TL;DR – SEMrush was the only tool out of the five that matched with Google’s very own search volume data for all of the 80 keywords. Ubersuggest was the runner up with only 1 mismatch. Does this make these two tools superior to the other three? Possibly, but not definitively. Keep reading for more context and insights.
Ever wondered where does your favorite keyword research tool pull the search volume data from and, even more importantly, can you trust it?
I decided to do an experiment and put five popular keyword research tools to test.

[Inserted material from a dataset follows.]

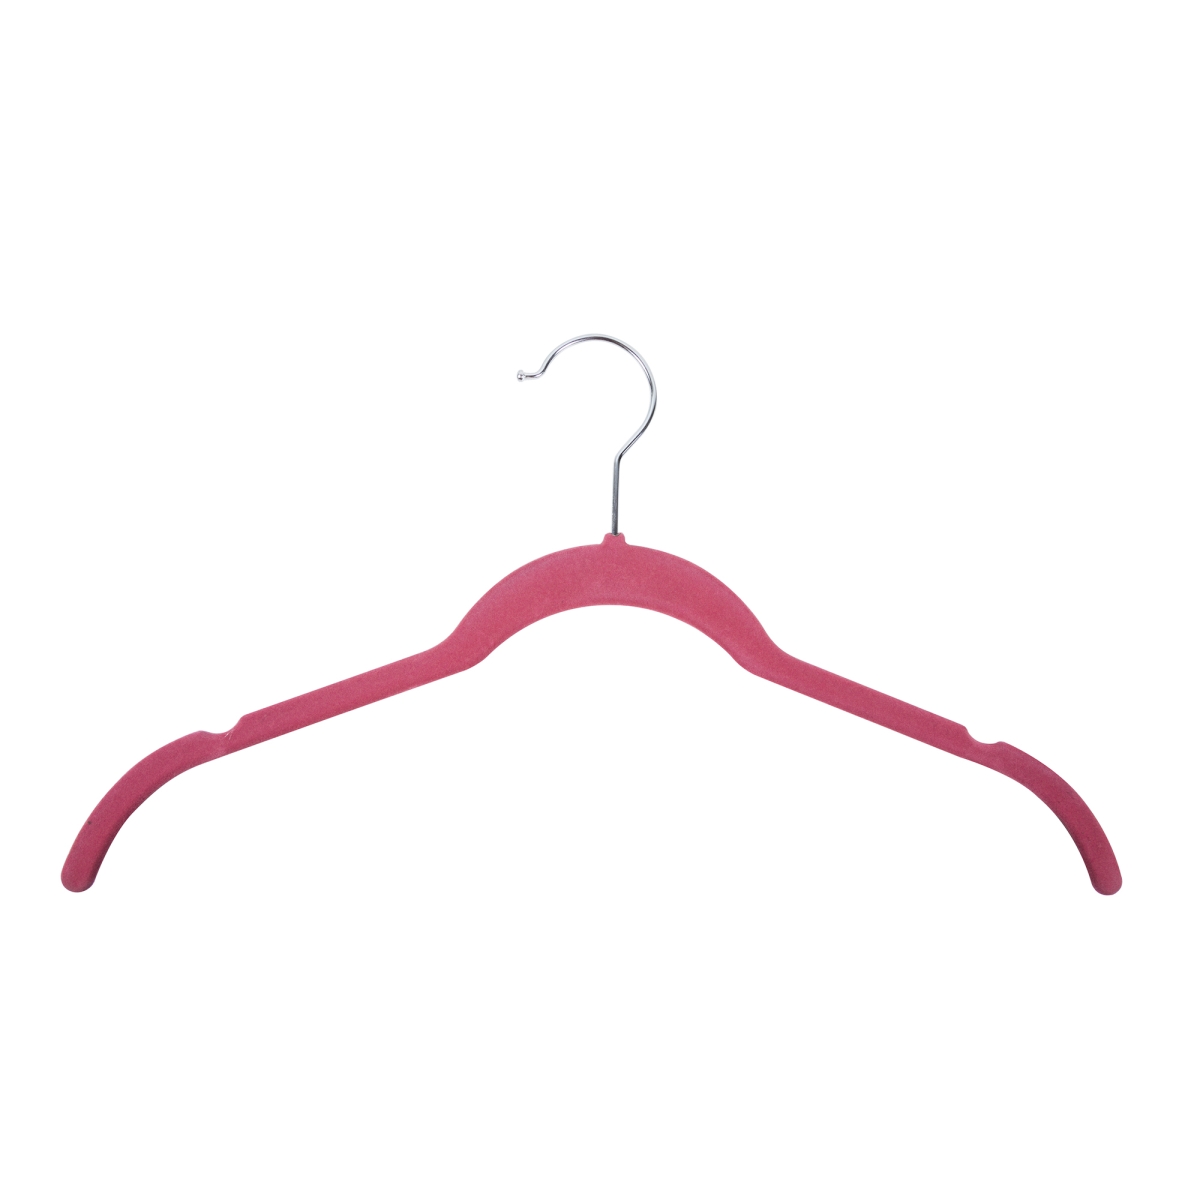 Shirt & Blouse Hanger With Notches Pink - Flocked Velvet Pack Of 50

Firstly, I came up with 80 random keywords divided into 4 brackets (20 keywords per bracket):
- One-word keywords
- Two-word keywords
- Three-word keywords
- Five-word keywords
The reason for these brackets is I wanted to cover both short-tail and long-tail keywords.

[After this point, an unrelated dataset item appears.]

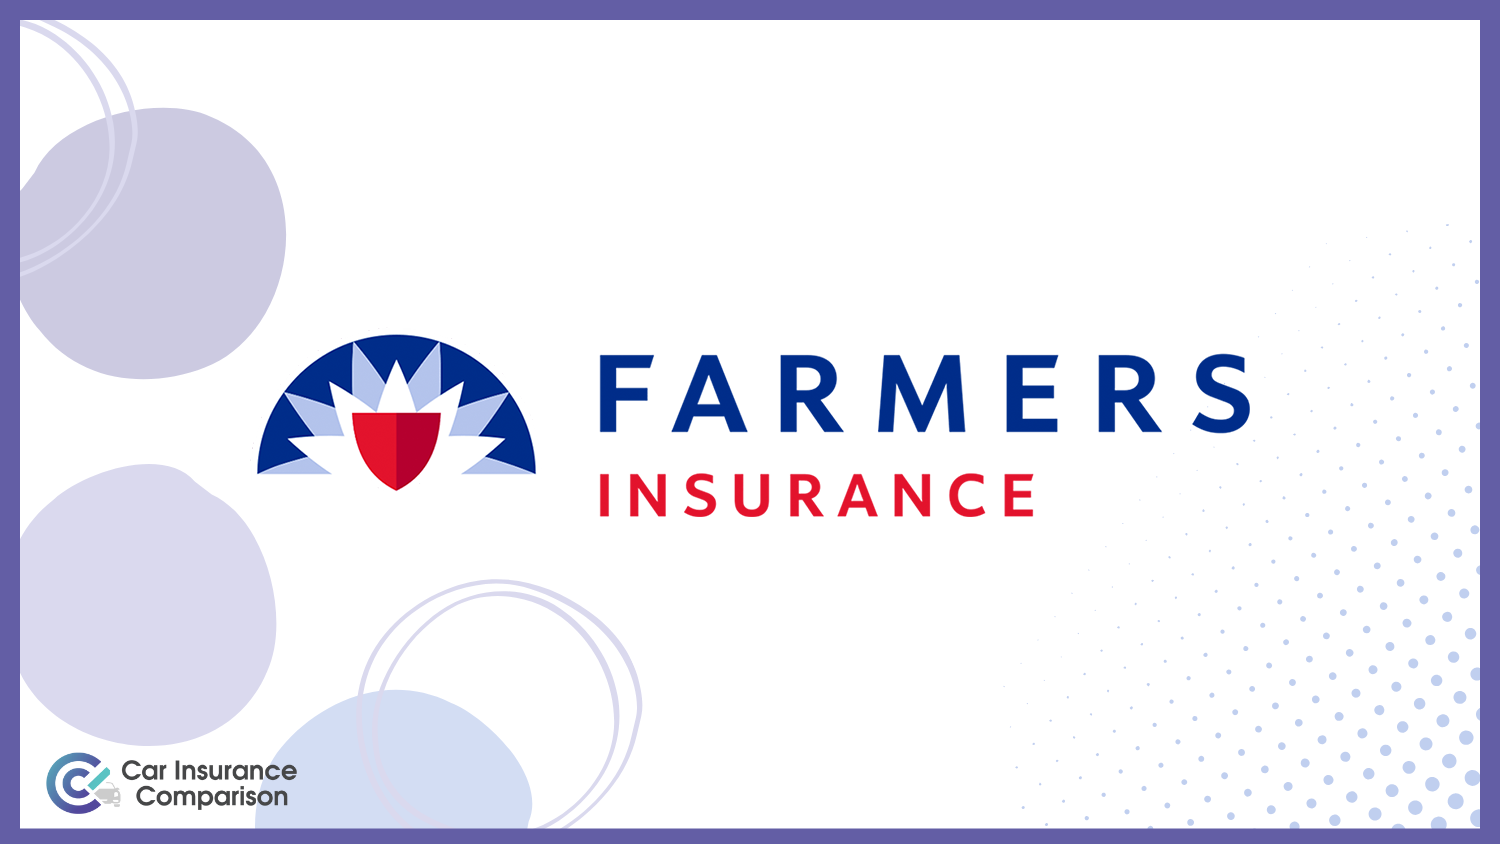 Farmers: Best Car Insurance for Drivers With Epilepsy

I also wanted to include keywords with millions of monthly searches and those with only a few thousand searches per month.
The idea was to pull the data from five popular keyword research tools and compare it with Google Keyword Planner’s search volume data.

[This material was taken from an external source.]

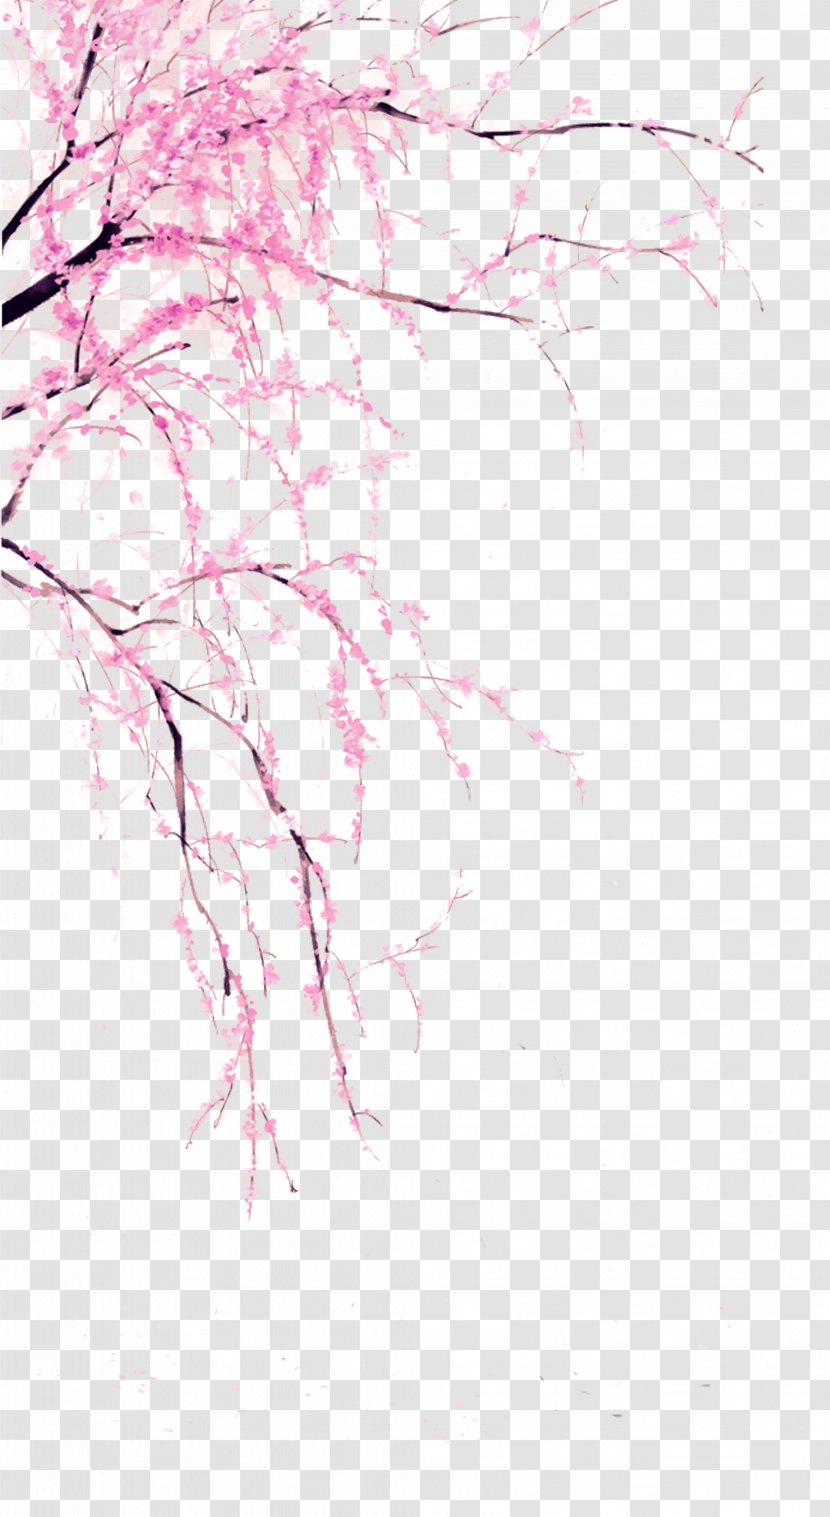 Download Clip Art - Pink - Peach Branches Down The Decorative Pattern Transparent PNG

You will notice that Google Keyword Planner only provides search volume in brackets (e.g. 0-10, 10-100, 100-1k, 1k-10k, etc.) and doesn’t give you an “exact” estimate which slightly dilutes the findings of this comparison.
Still, useful insights can be drawn here and I’m taking Google’s data as a point of reference nonetheless because it makes the most sense.
Important: All of the search volume figures in this experiment are localized to the United States only. In other words, they’re not global search volume figures.
How is search volume calculated?
Different tools calculate search volume differently.
Google Keyword Planner shows the average monthly search figures for your keyword and its close variants.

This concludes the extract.